It is important to note that this is not an editor and does not offer the capability to create or change a profile. Rather, this application is meant to independently evaluate the correctness and conformance of tools and profiles produced by others, or as an independent check on the soundness of a profile still in draft.
OSCAL schema emulator
The demonstration may be loaded in a web browser using link https://pages.nist.gov/oscal-tools/demos/csx/validator in OSCAL Tools CSX Demonstrations.
In this case, the application offers the kind of top-down structural validation more usually provided by a conventional schema language. To provide this logic, the XSLT that is applied to the user’s document has been generated directly from an appropriate OSCAL metaschema (a document type I described in Piez 2019), which is the same source from which the authoritative OSCAL XSD is generated. Accordingly, assuming this implementation correctly supports the semantics of the Metaschema language, it will report the same issues as XSD validation would.
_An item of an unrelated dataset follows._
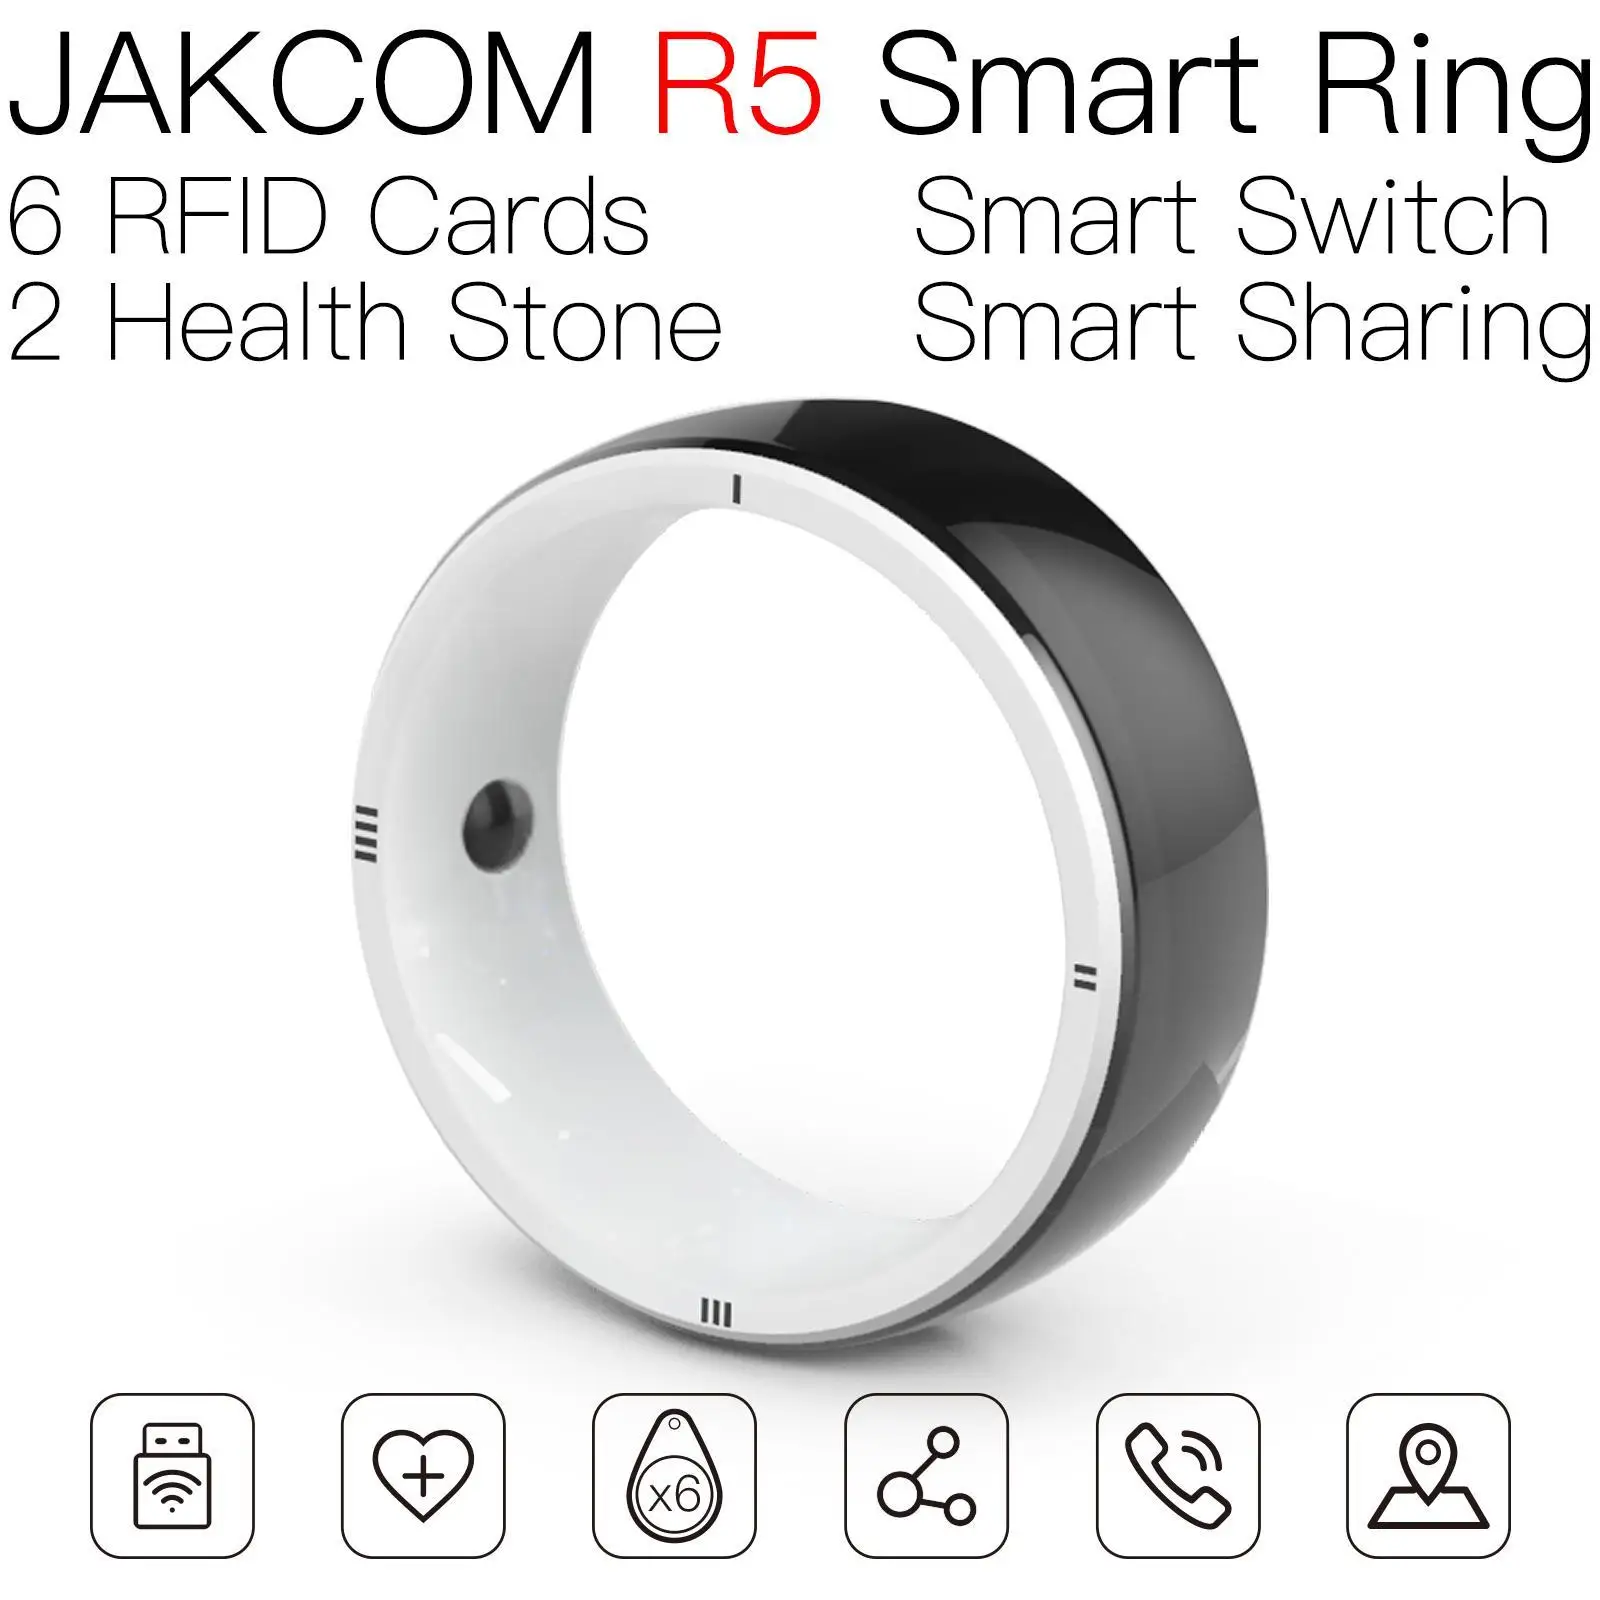 

JAKCOM R5 Smart Ring Super value than tag 125khz rewritable ic rfid card nfc support writing url with chip 125 khz read write

This is of interest because (among other reasons) if XSLT can be deployed to support this kind of evaluation – in this case, to compile and deploy a higher order language describing constraints over data – a schema language – it can also presumably be deployed to support many other needs.
In other words, OSCAL Metaschema is not the only higher-order
language that might be supported, in part or entirely, in an
all-XSLT CSX deployment. In some ways this demonstration shows
only that things can be done in XSLT that might be better done
by other means and on other platforms. Yet the implications of
that are profound. An application like this, which
only
emulates XSD, can also be a platform for
another application that integrates this support with other
functionality. It might reasonably be stipulated that such
applications ought to be supported by schema-aware XSLT, without
further layering or customization. And that is fair: we should
be able to have either or both. In the CSX application we have
all XSLT all the time
. Indeed, by
demonstrating the same errors over the same inputs as an XSD
processor (those inputs being valid or invalid), this
application helps to corroborate (i.e., to validate at a higher
level) a parallel XSD-based (or other) implementation of OSCAL,
just as it is tested and corroborated in return, at least with
regard to the supported features. The fact that the Metaschema
language supports only a subset of XSD functionality
(specifically with respect to content models) is helpful (see
Piez 2019).
As the application here is provided by an XSLT programmatically generated from a Metaschema, it is relatively easy to envision other kinds of declarative languages that could be implemented via XSLT code generation and CSX-based deployment.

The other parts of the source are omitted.